Laudacja Julii Wollner dla Adama Szczucińskiego (nagroda za książkę Paradiso, wyd. Próby 2021)
Pamiętam, że kiedy równo 10 lat temu przeczytałam esej Podróżować, pisać Joanny Ugniewskiej, ogarnął mnie smutek i przerażenie – jako czytelniczkę i jako osobę piszącą. W tej doskonałej książeczce autorka, dziś członkini kapituły Nagrody Literackiej im. L. Staffa, przypomina, że o Włoszech rozprawiali najwięksi, że powiedziano o nich już wszystko, i że na dobrą sprawę my sami, podobnie jak nam współcześni, nic nowego już powiedzieć nie możemy.

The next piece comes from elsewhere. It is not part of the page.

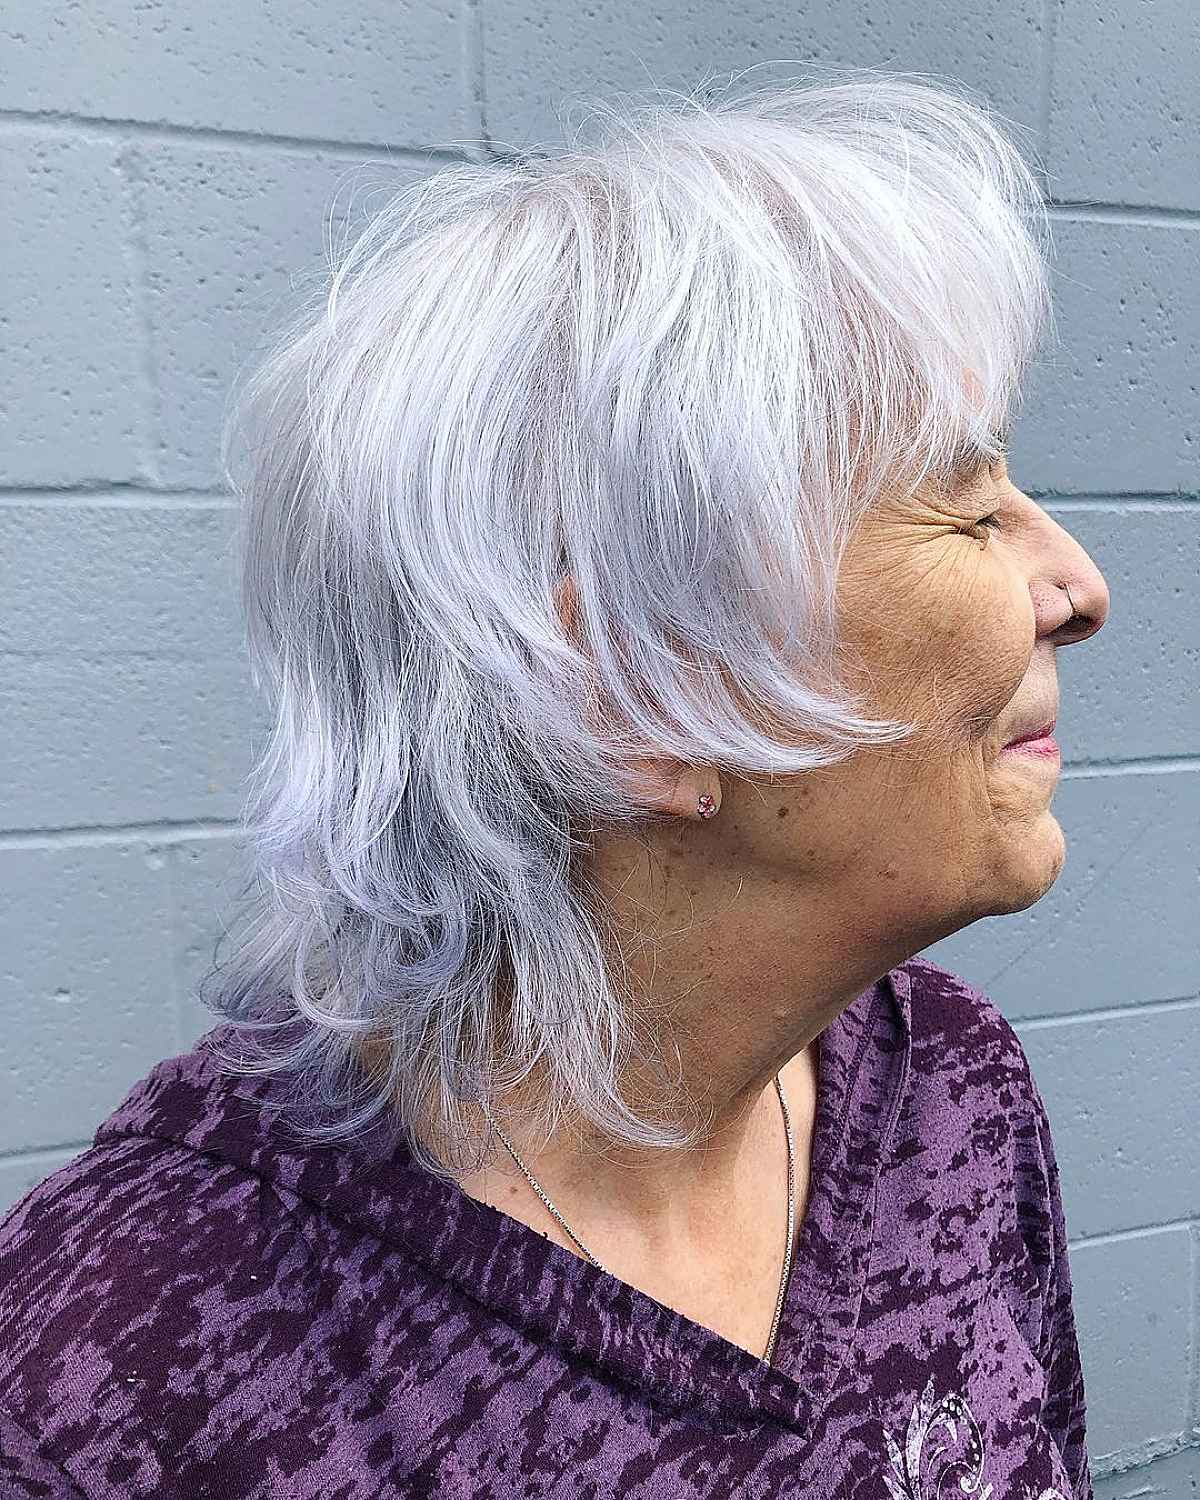 19 Shag Haircuts for Women Over 60 to Look and Feel Younger

Po przerażeniu przyszedł czas na ulgę, bo sytuacja ta, na swój sposób, nosi też znamiona wyzwolenia. Pozwala uciec od wszechobecnej paplaniny, delektować się ciszą; zachęca do przeżywania bez przekuwania emocji w słowa niedoskonałe. Jeśli po drodze trafi nam się zachwycająca współczesna lektura, tym piękniejszą sprawi nam niespodziankę. Dla mnie taką niespodzianką była książka Paradiso Adama Szczucińskiego, pokazująca, że nawet dziś, w XXI wieku, można jeszcze znaleźć swój klucz do Włoch, a konkretnie – do Wenecji. Dla Autora stała się nim poezja i postać Josifa Brodskiego. To dzięki nim powstały zapiski przypominające slajdy – do oglądania w prześwicie własnych emocji, refleksji i wspomnień. Dziękuję panu Adamowi za ten wzruszający seans i za to, że, mimo wszystko, zdecydował się nie tylko podróżować, ale także, jeśli nie przede wszystkim, pisać.